Была в комнате и хозяйка, о чем свидетельствовали длинные пряди волос, высовывающиеся из-под одеяла. Был и хозяин: неспешно встающий с кровати рябой мужик неопределенного возраста с длинной, плохо расчесанной бородой: когда-то, скорее всего, огненно рыжей, но сейчас по странному многоцветной.
Мужик явно никуда не торопился, его умиротворенное и даже довольное лицо свидетельствовало: его не раздражали ни режущий глаза свет, ни бьющая по ушам трель звонка.
Плавной походкой он подошел к металлическому шкафу, взялся за две ручки вверху и уверенным движением потянул их на себя.
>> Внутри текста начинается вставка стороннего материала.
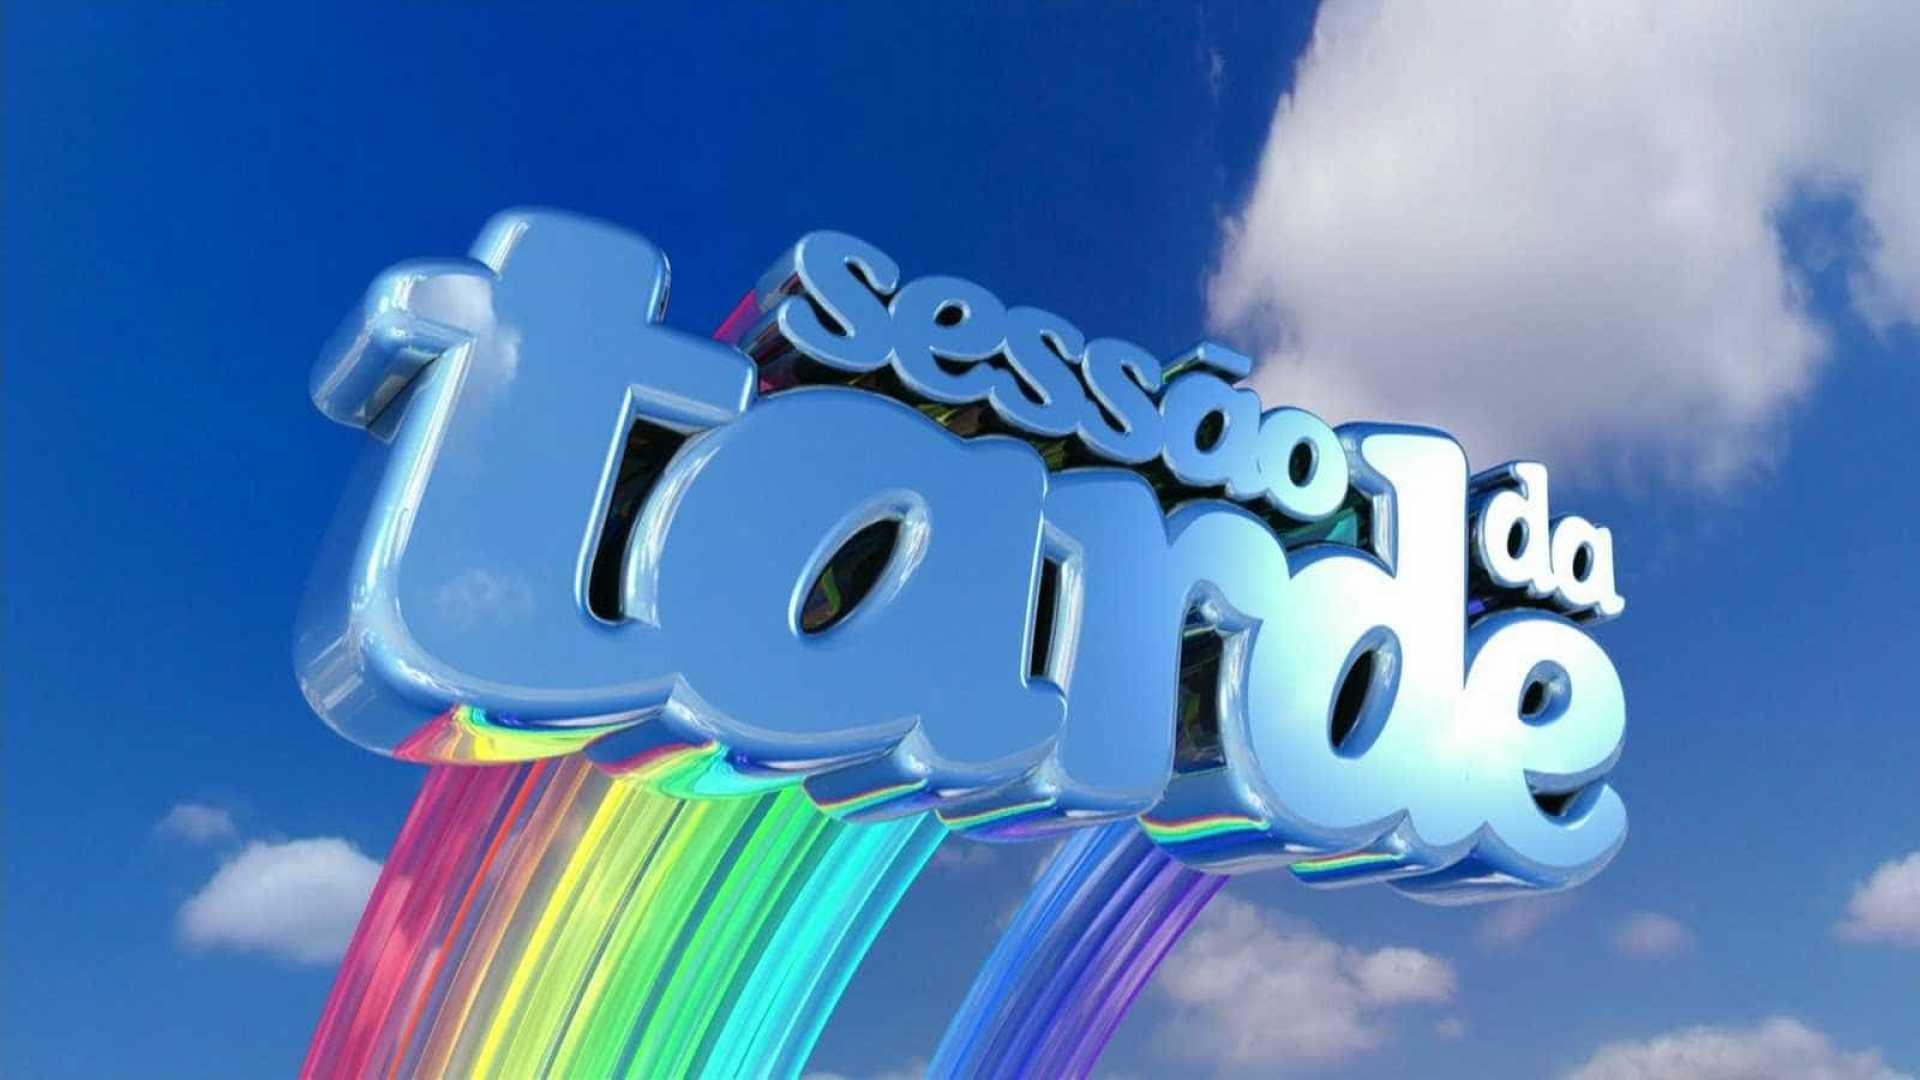 Perdendo na audiência para a Record, Globo planeja acabar com Sessão da Tarde após 44 anos

То, что без звука оказалось в его руках, выглядело как узкий металлический чемоданчик с ручками, зачем-то приделанными к боковине. Мужик опустил эту странную железяку на пол, открыл нижнюю часть шкафа, достал из нее точно такой же предмет и уверенным движением обеих рук водрузил его на место снятого. Затем он поднял с пола лежащий чемоданчик, взял его под правую руку, левой отодвинул малозаметную узкую дверцу в противоположной кроватям стене и засунул свою ношу в открывшийся тесный проем.
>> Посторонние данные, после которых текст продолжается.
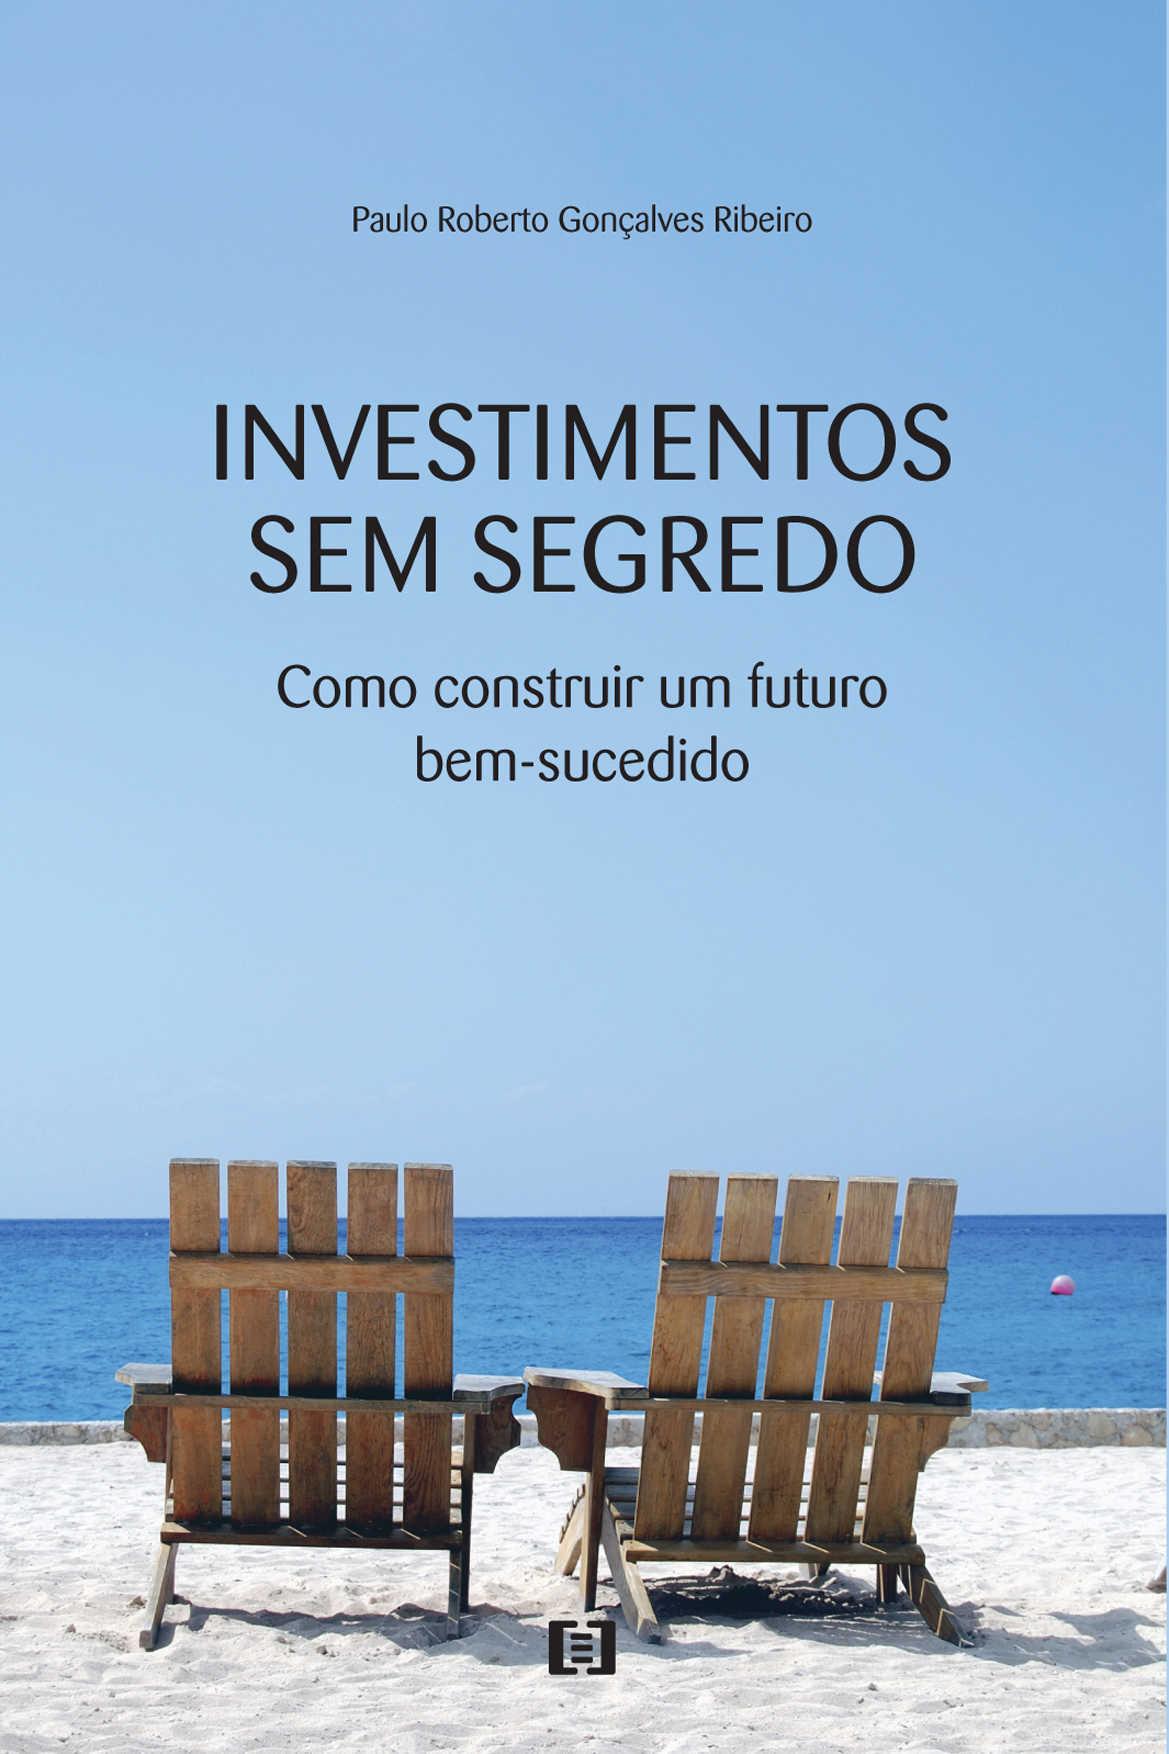 Investimentos sem segredo: Como construir um futuro bem-sucedido

К звонку добавился новый звук: тихий, но вполне различимый. Вскоре проем на секунду осветился, звук усилился и предмет исчез вместе со светом в проеме. Мужик закрыл дверцу. Наступила тишина, а свет сменился на полумрак. Бородач достал пачку явно не подходившей его облику "Герцеговины Флор", вытащил папиросу и закурил.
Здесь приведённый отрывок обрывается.